Hays and Reisner (1990) determined that editors and writers don’t deny the influence of advertisers on the editorial content of their papers. Afterall, the advertisers are effectively paying for their existence. Without their advertisers’ money, there will be no newspapers. Some print media companies are guiltier than others. The more hard-pressed for funds the print media are, the more they will compromise. The more painful fact is that many of the editors know that these compromises lower the quality of the news stories and the newspaper, in general.
Another study looked at how the magazine culture is different from the newspapers in terms of the influence of advertisers and about 40 percent of magazine editors said that they actually got direct orders from the business group or sales group to do something that was a clear violation of their code of ethics as a journalist (Howland 1989). All these editors claimed that they vehemently protested such a direct order and would fight with the business group but they would still do what they are being told to do. There are a few who said they will never agree to such an order (Howland 1989).
In the newspapers industry, as high as 90 percent of editors said that they were directly pressured by the business or sales group to do something in favour of an advertiser and about 70 percent said that the orders the got was to completely kill the story as per the request of the advertiser (Soley and Craig 1992). There was also the 93 percent that attested to getting direct threat from the advertisers that if the stories aren’t pulled out, any form of support from the company will also stop. Naturally, the smaller newspapers experience this pressure more often than the big media companies do (Soley and Craig 1992).

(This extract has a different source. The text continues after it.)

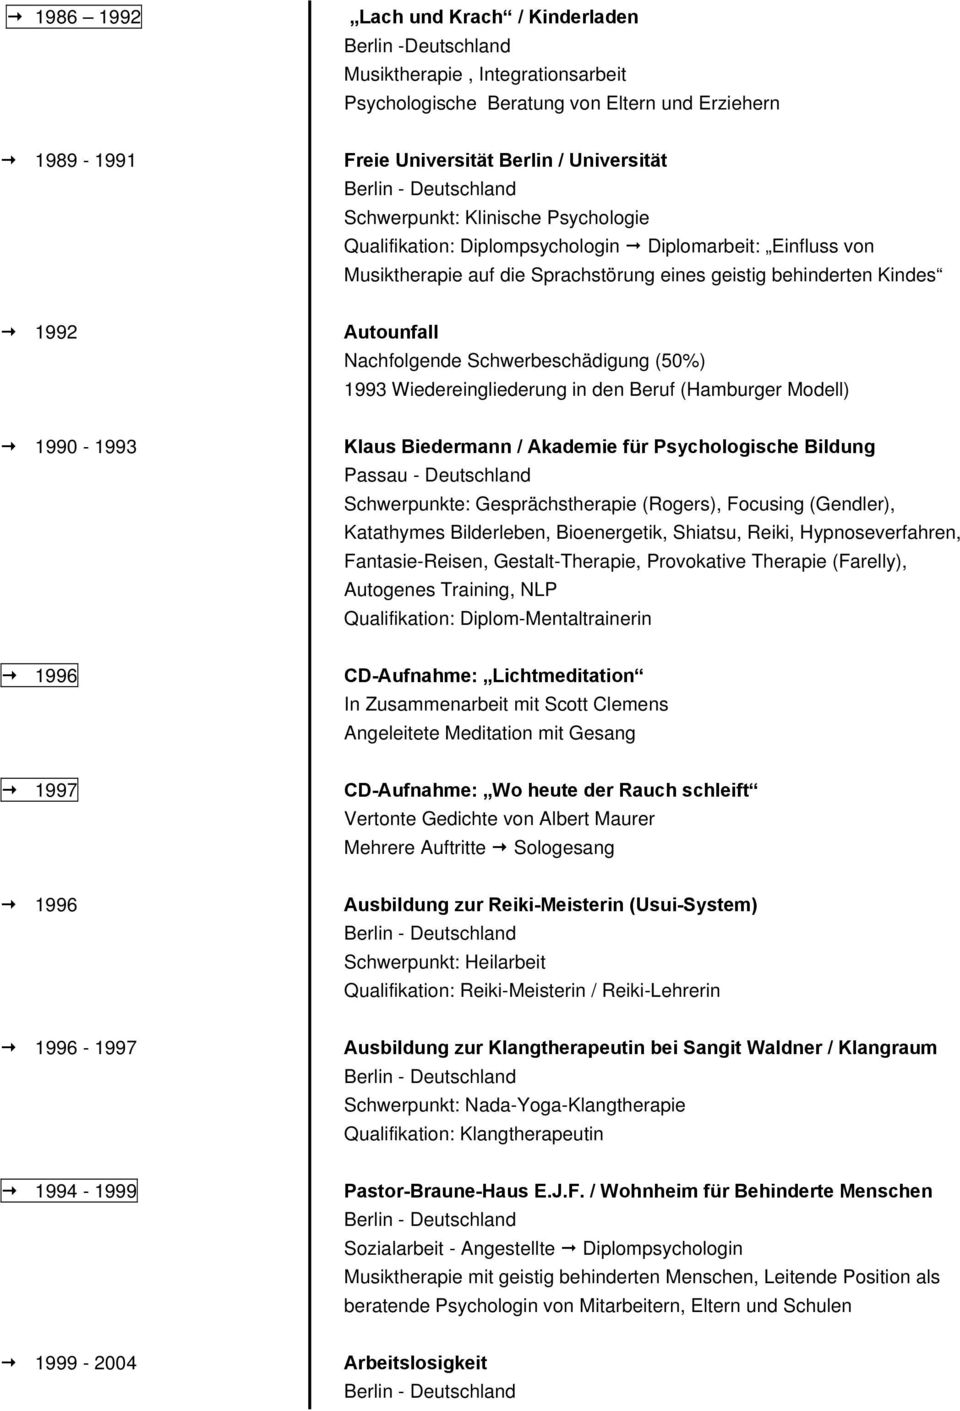 Schwerbeschädigung (50%) 1993 Wiedereingliederung in den Beruf (Hamburger Modell) 1990-1993 Klaus Biedermann / Akademie für Psychologische Bildung Passau - Deutschland Schwerpunkte: Gesprächstherapie

All these studies will serve as a jump off point of this study. Many of these studies concentrated on the direct pressures or influence given by advertisers to newspapers but there is a question of whether such an influence happen everyday or if the cases mentioned above were isolated incidents. There is a need to pull back and look at it from a larger perspective. Editorial decisions happen everyday and it happens on every story being printed which means it happens hundreds of times everyday. As such, it is critical to analyse whether the advertisers are the real gatekeepers.